/ 26 May 2009

Honda: Breaking the mould

Honda, famous for building motorcycles that go very quickly, also knows how to make them stop. Few people know that the company’s founder, Soichiro Honda, registered a patent for motorcycle ABS brakes as far back as 1959, and it was his company that offered the first disc-braked mass-production motorcycle in the Honda 750 Four, ten years later.

The Japanese company has yet again taken the lead in delivering the world’s first superbike and supersport models with linked front and rear ABS stoppers utilising electronic brake-force distribution. The computer thus takes over the delicate task of juggling brake forces between the front and rear wheel to ensure quick, safe stopping.

Honda also offers a first in that the brakes are now brake-by-wire rather than activated by hydraulic pressure originating from a handlebar-mounted master cylinder. The engineers have built in what they call a “stroke simulator” that gives the rider feedback through the front brake lever and rear brake pedal, very much like that delivered by a conventional system. They did a very good job of it, too, because the feedback is indistinguishable from conventional all-hydraulic systems.

While linked brakes are not new, and ABS has been around on touring motorcycles since the 1980s, nobody else has dared fit them to superbikes, whose riders refuse to believe that a computer can get the bike to stop any quicker than they can.

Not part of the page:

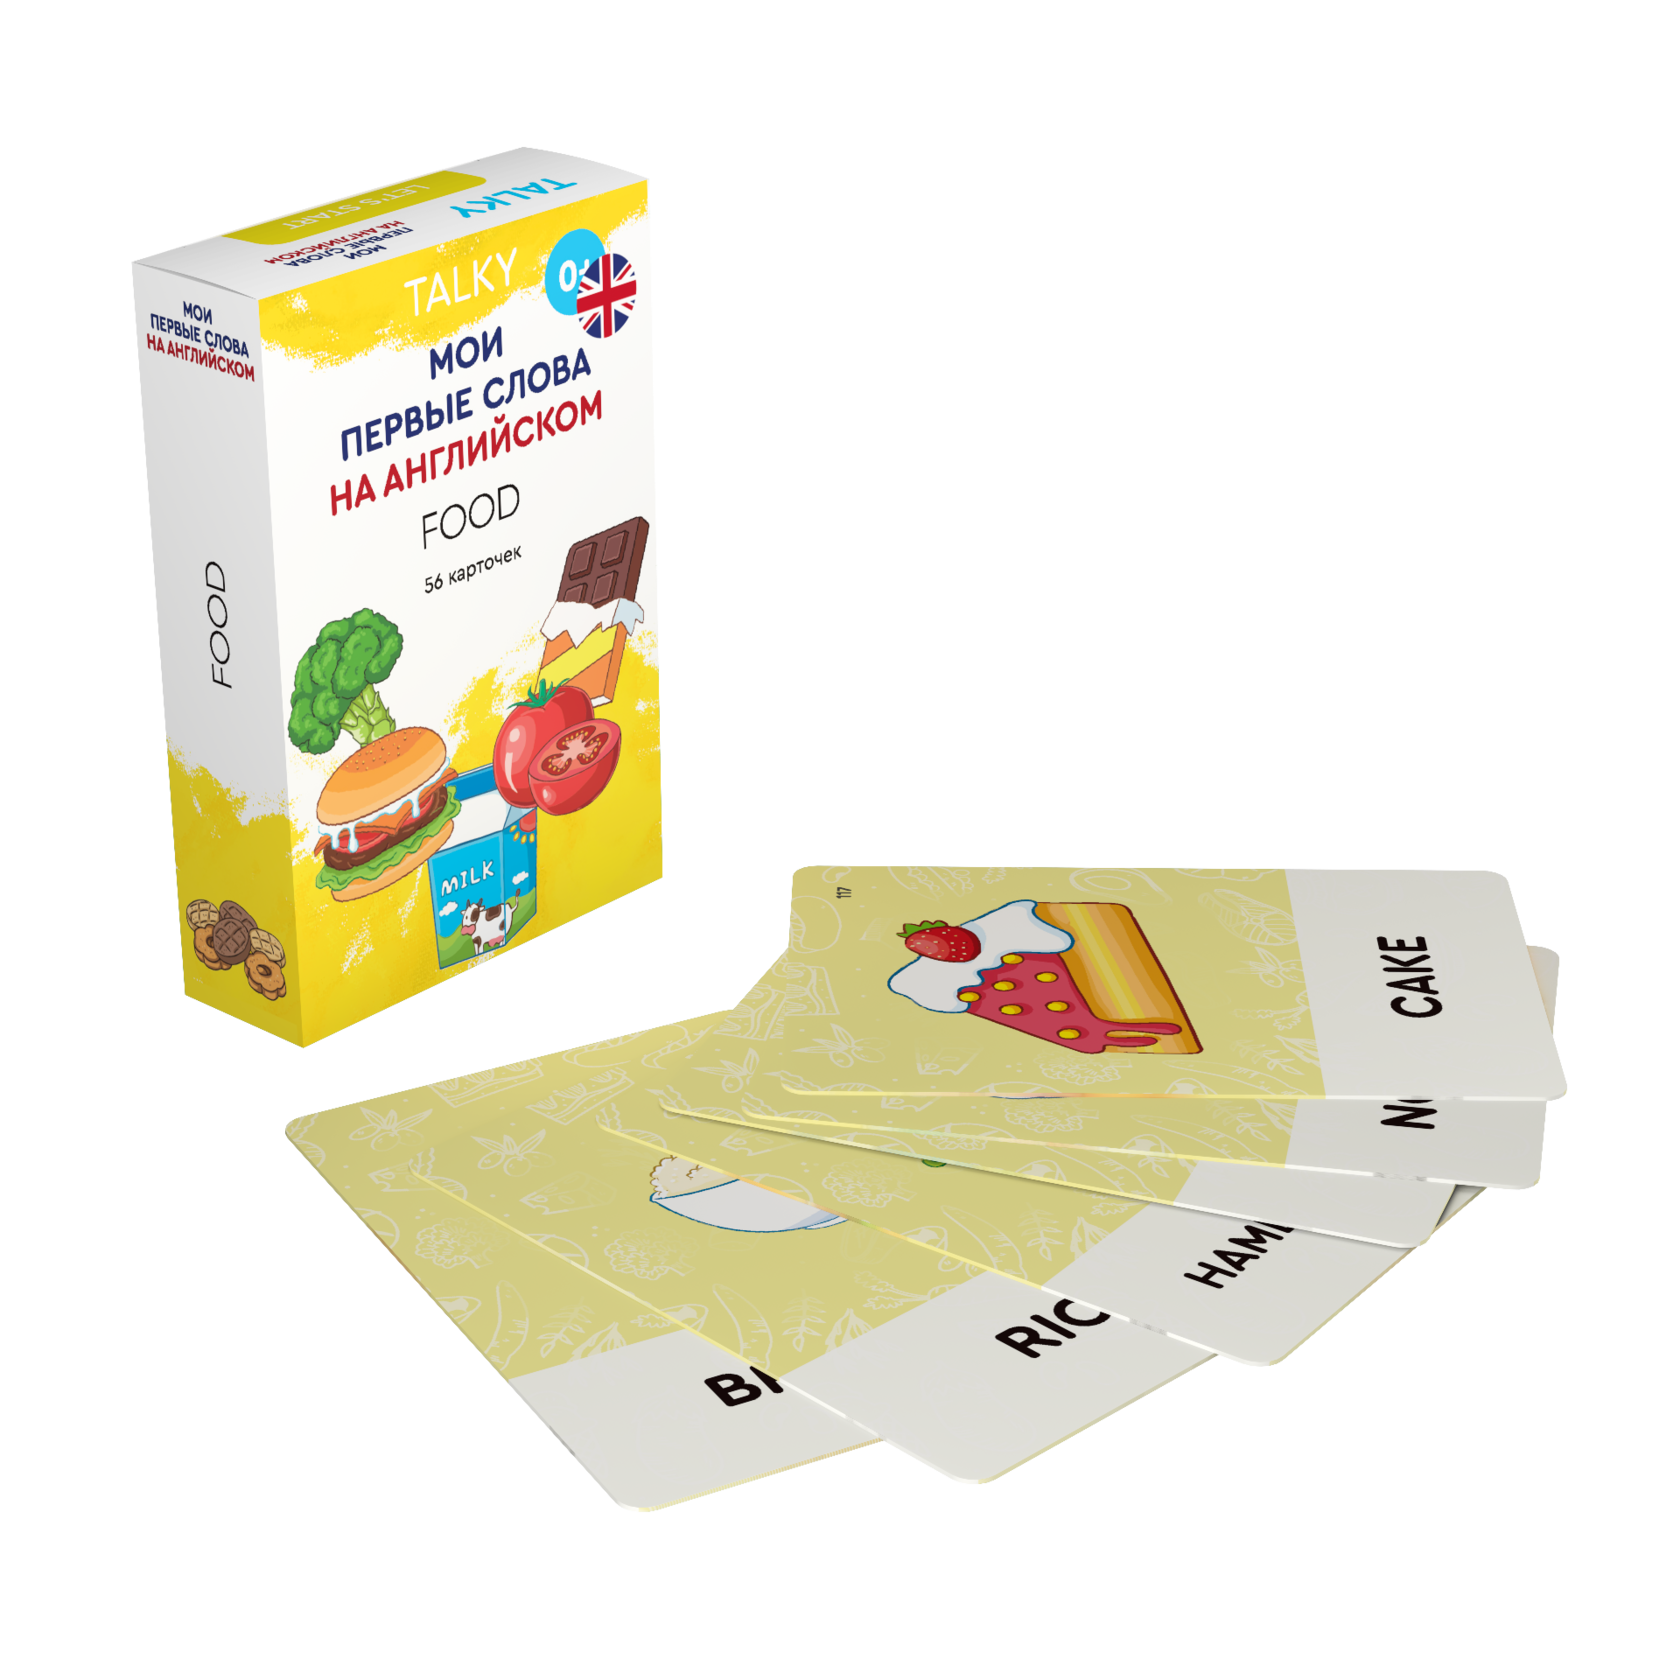 Развивающие карточки для детей LUMICUBE для TALKY, на англ. языке, еда, 56шт. KDTKE02-FOOD lumicube умные карточки talky на русском и английском языке страны 68 шт

The first two sports machines to come with the combined ABS system are the 2009 1000cc Fireblade, and its lively smaller sibling, the CBR600RR. Both models have been jazzed up a little, with some new plastic panels, different colours and a few minor technical improvements — the 600 benefits more than the 1000, with a new, lighter frame, and some fettling of the motor and exhaust system to improve torque delivery between 8 000 and 12 000rpm. The real advance, though, is most definitely in the braking department. Although the electronic shenanigans are optional, adding R10 000 to the price of each model, the non-ABS 600cc supersport machine now carries the lighter Tokico 4-piston monoblock front callipers that grace the more expensive version. Honda says the brakes work better than the old ones, so the need for ABS is presumably even greater.

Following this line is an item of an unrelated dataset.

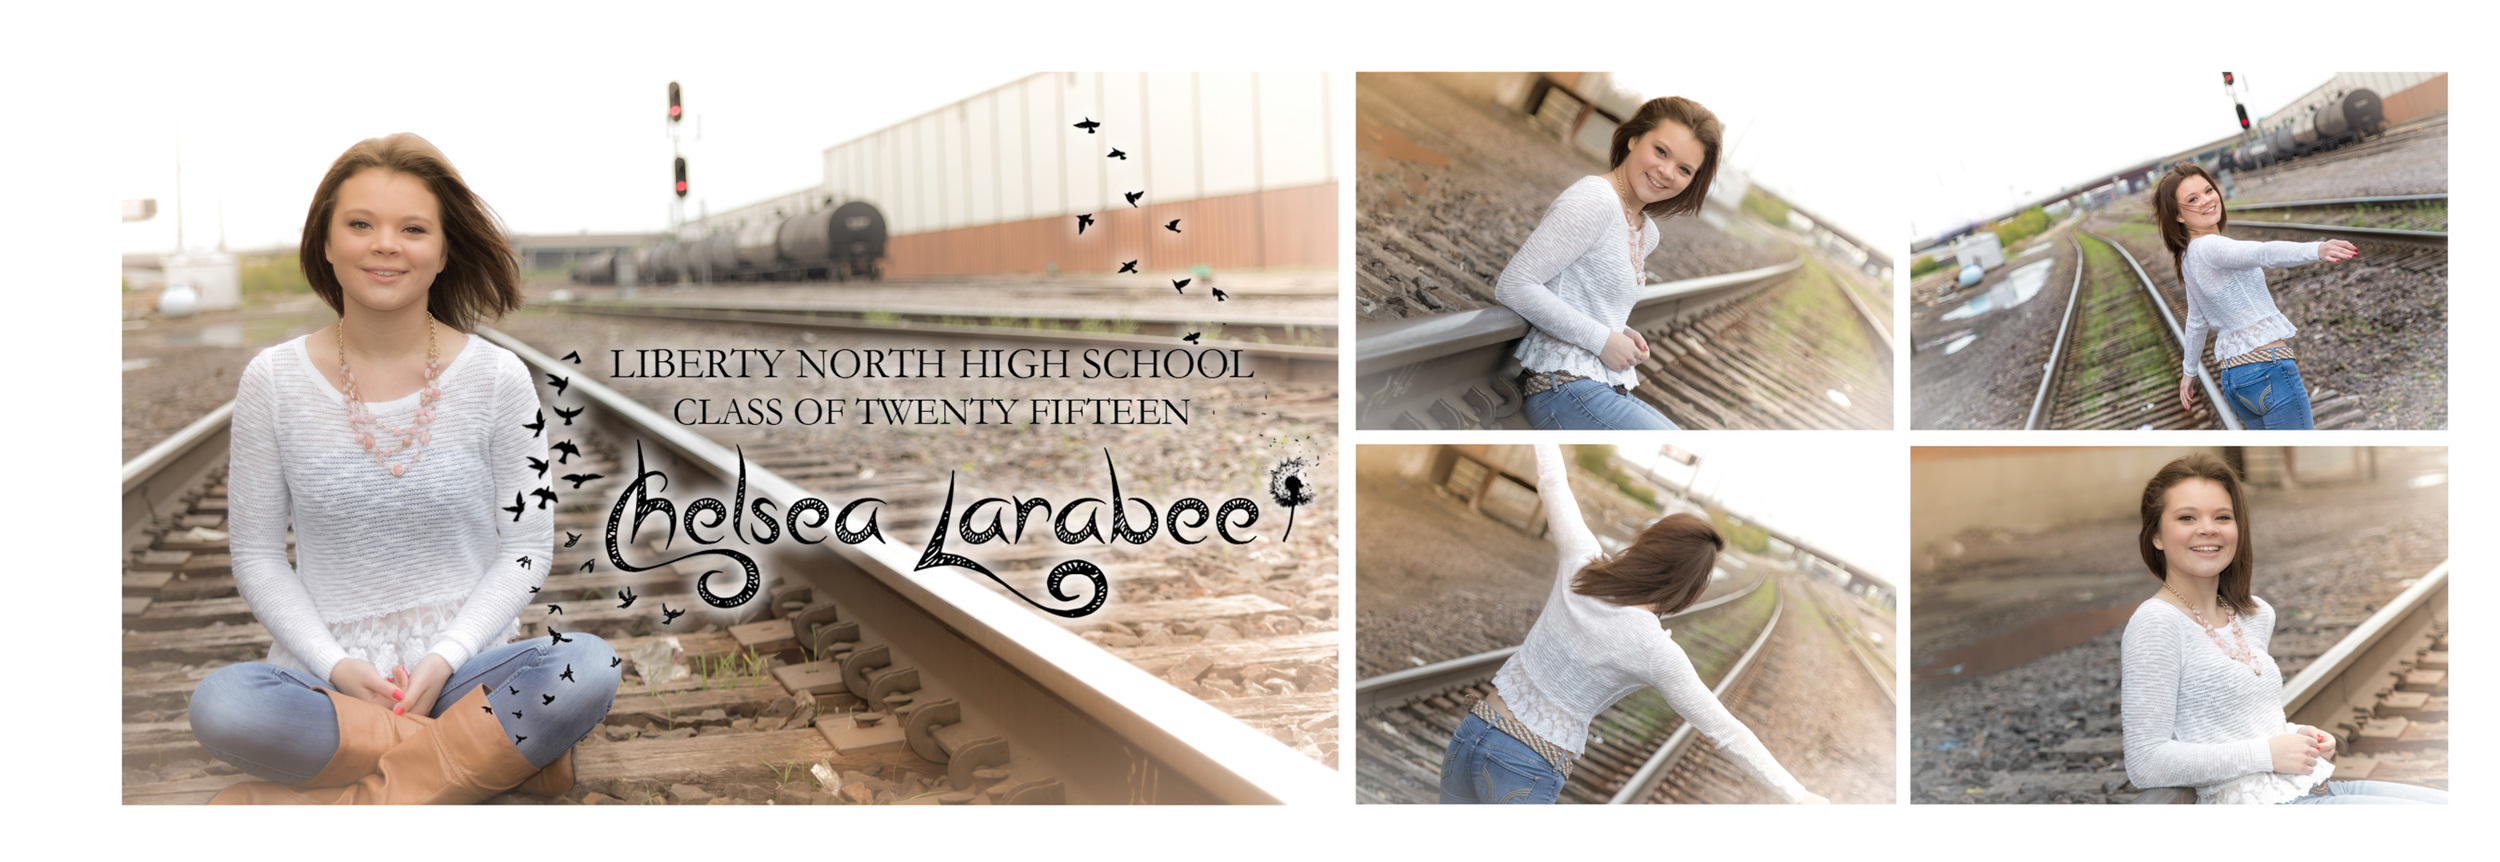 Chelsea Larabee Senior CatsEye Photography 2015 Banner 3.jpg

Honda took us to Zwartkops racetrack to ride their new bikes, and kicked off the programme by having us gallop up to puddles of water and areas strewn with loose sand, where we were instructed to brake hard. I’ve done that in the past with other ABS-equipped motorcycles, so the resulting fast stops without loss of control didn’t impress me much. The time for that came when they finally unleashed us on the racetrack. The linked ABS system is so unobtrusive in action that about the only way to find out which model you were riding was to stamp on the clamps and see if a wheel locked.

Your average, even your very experienced road rider or track day specialist, would, I think, be quicker around the racetrack with Honda’s combined electronic braking system. Many wannabe racers hit the deck when they attempt to brake too late, realise their mistake and squeeze the brakes a little harder, locking the front wheel and losing the front end. That’s not going to happen with Honda’s system, and even if you run off the road into the kitty litter, your chances of being pitched off are significantly lower. The only downside that I can think of is that the brake package adds about 9kg to the weight of the bike, although most riders would never be able to feel the difference on the road or on the racetrack. It is, after all, the equivalent of about a half tank of fuel, and all the weight is low-down in the chassis.

While Rossi, Stoner and the rest may be a little quicker around a dry racetrack on a bike without ABS, I reckon they’d be grateful for a system like this when there was water, oil or gravel lurking on the track. As road riders can expect to find any combination of those traction thieves, perhaps mixed with diesel fuel, on just about any section of tar, I believe you’d be a fool to try and save R10k on the brakes. What is for sure is that in a few years’ time you’ll struggle to find a motorcycle larger than 400cc that doesn’t come with something akin to the Honda stoppers.

The Honda Fireblade with ABS sells for R148 000, while the CBR600 so equipped will set you back R119 000. They’re both superb bikes, and new brakes have made them even better.